## ABOUT THIS TASK:
Among the entries below, copy only the span from the line containing "Free Online Funny Birthday Cards" through the line containing "Free Funny Printable". Do so exactly, and skip the pictures.

## MATERIAL SUPPLIED:
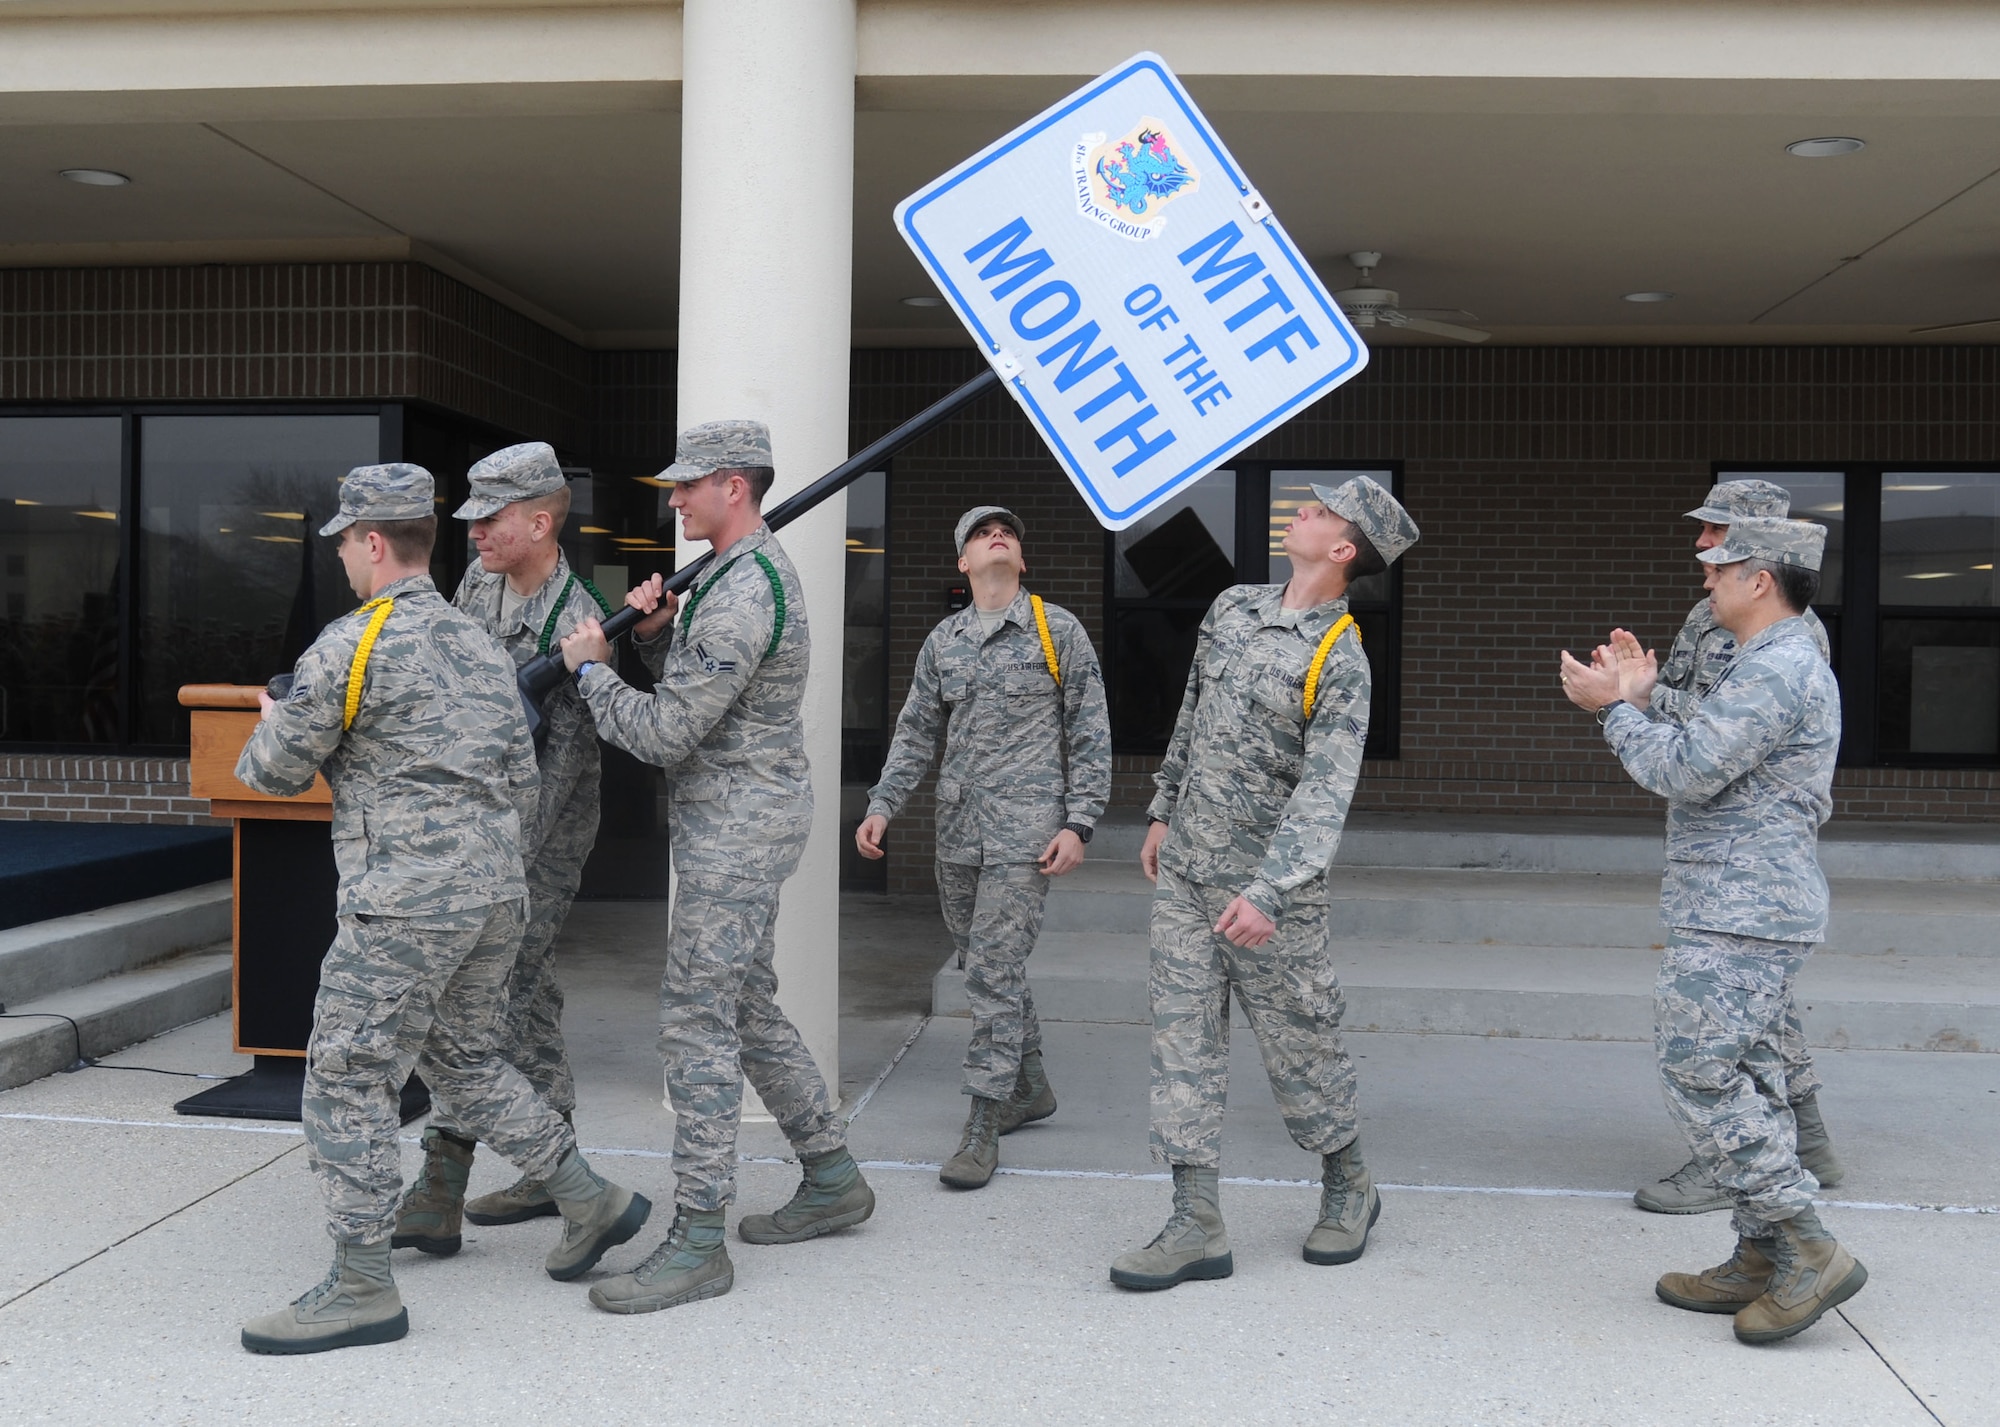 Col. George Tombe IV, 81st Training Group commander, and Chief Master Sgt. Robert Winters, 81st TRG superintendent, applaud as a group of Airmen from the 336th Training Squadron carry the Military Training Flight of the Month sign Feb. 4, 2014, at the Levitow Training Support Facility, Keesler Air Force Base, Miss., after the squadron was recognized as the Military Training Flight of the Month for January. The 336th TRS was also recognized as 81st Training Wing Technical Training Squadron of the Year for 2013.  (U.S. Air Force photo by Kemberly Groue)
--
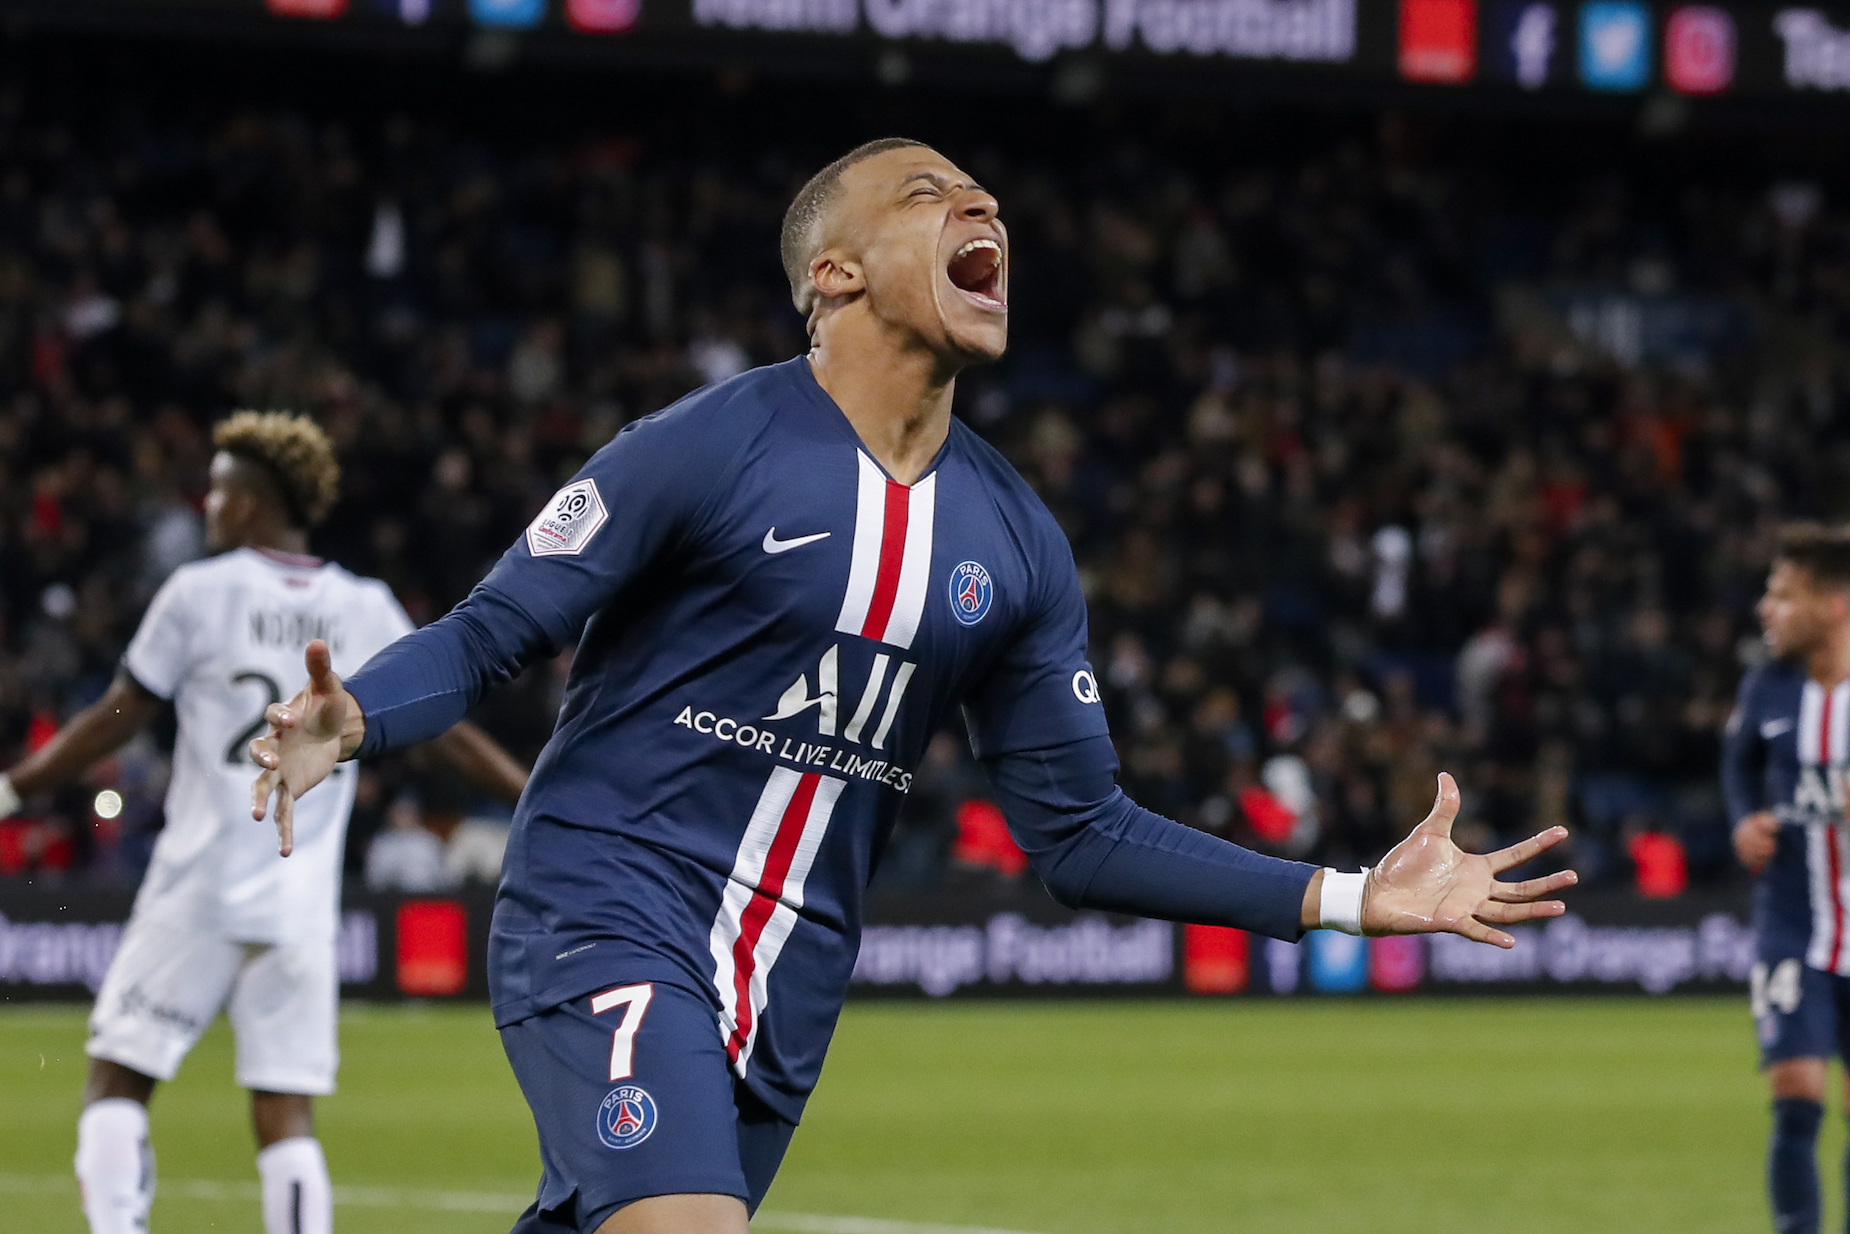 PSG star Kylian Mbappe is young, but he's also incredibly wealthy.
* * *
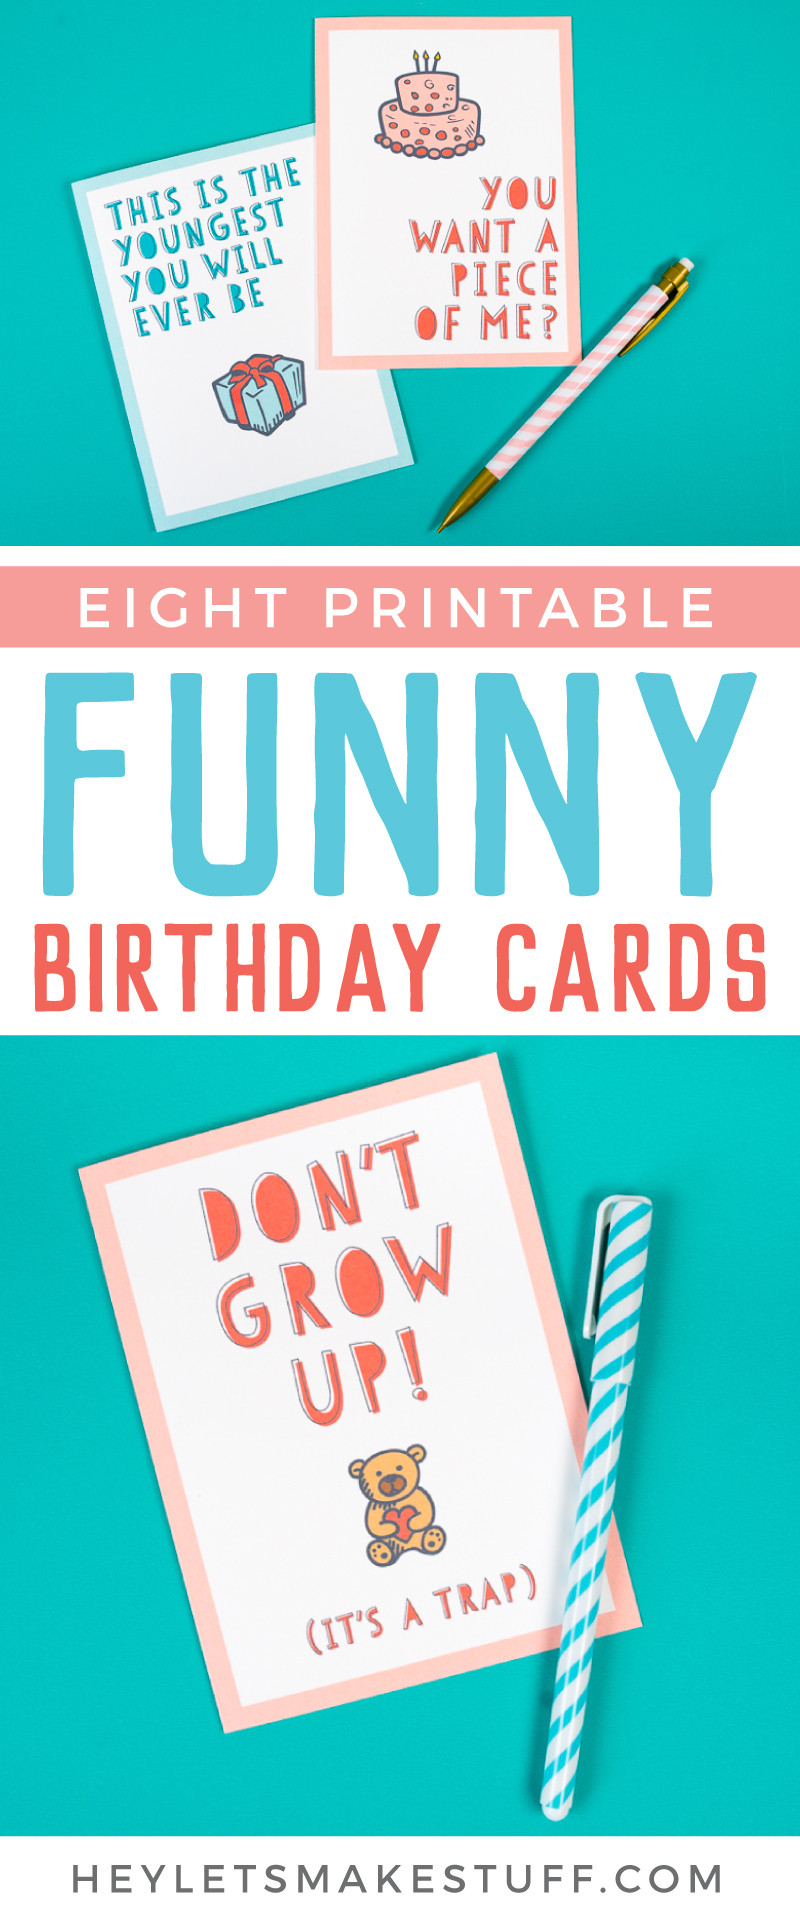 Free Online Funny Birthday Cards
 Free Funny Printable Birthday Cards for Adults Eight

## SOLUTION:
 Free Online Funny Birthday Cards
 Free Funny Printable Birthday Cards for Adults Eight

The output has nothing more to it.